Dominic Kalipersad ( ;) is a veteran journalist, and one of the most recognizable faces in Trinidad and Tobago. He is the Group Head of News at Caribbean Communications Network (CCN) Limited in Port-of-Spain, where he has taken the flagship television arm, CCN TV6, under his wing.

Kalipersad was previously the Editor In Chief of the Trinidad Guardian newspaper which he modernized from its old broadsheet format into a tabloid.

He was also the Programme Director at Trinidad Broadcasting Company Ltd after serving as News Director there.

Kalipersad is best known as the principal news anchor of Panorama, the 7:00 pm flagship newscast of the now defunct Trinidad and Tobago Television (TTT), from the late 1970s to early 1990s.  He was later Programme Director at the Trinidad Broadcasting Company, and the News Director and anchor at CCN TV6, the position of which he is again the holder. 
While heading the Trinidad Guardian for eleven years, he also served at  Cable News Channel Three (CNC3) as a news anchor filling in for then news anchor, Carla Foderingham with Shelly Dass.

Kalipersad is widely regarded as the journalist most feared by politicians.

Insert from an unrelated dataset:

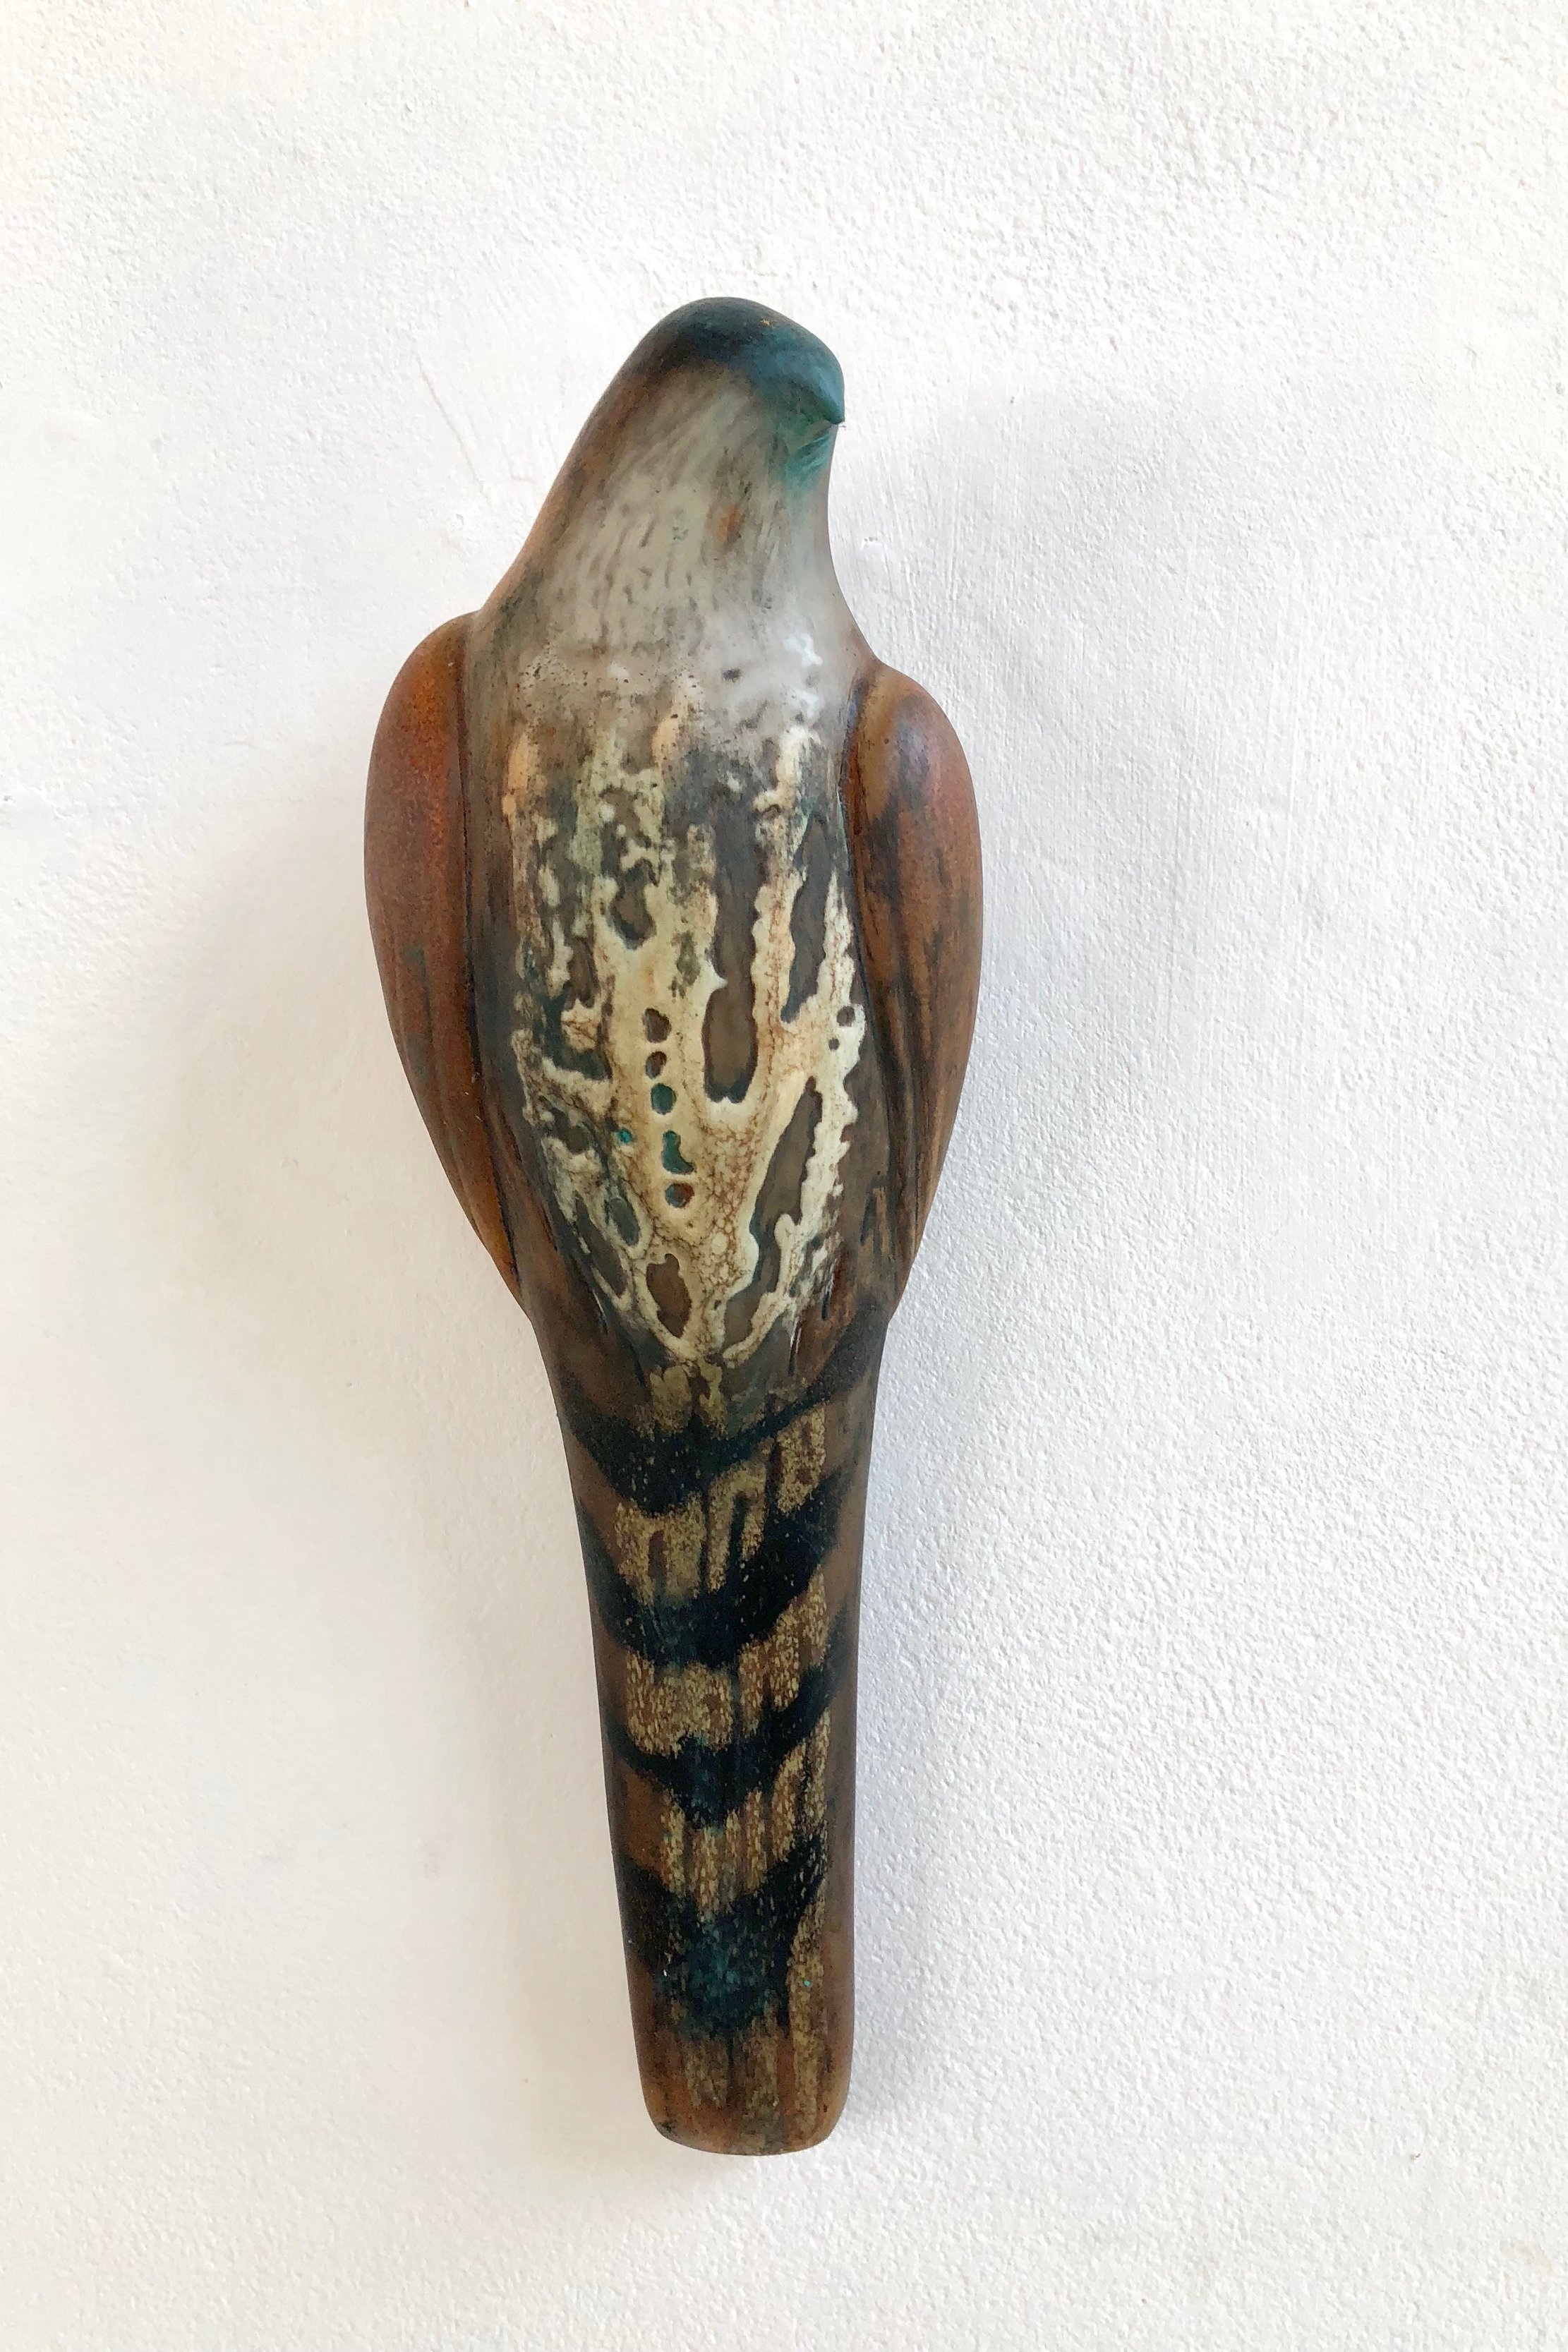 """Sienna Lace Chest Bird,"" 2019  Handblown pigmented glass 16 x 3 x 5 inches"

He has had explosive interviews with politicians like Attorney General Anand Ramlogan and Prime Minister Kamla Persad-Bissessar and is even known to have pulled a live interview with Health Minister Jerry Narace off the air. In addition his television commentaries, 'Lord, Put A Hand!', are respected for their biting, incisive, profound style,

In 1990, Dominic Kalipersad was one of the hostages at Trinidad and Tobago Television during the Jamaat al Muslimeen coup attempt.

He famously refused to be specially selected for release in an exchange negotiated between the then NAR government and the hostage-takers, declaring: "I am not leaving unless everyone (his fellow hostages) else leaves!" Ironically, it was a decision that saved his life as, it is reported, the hostage-takers had planned to 'take him out', if he had accepted the deal.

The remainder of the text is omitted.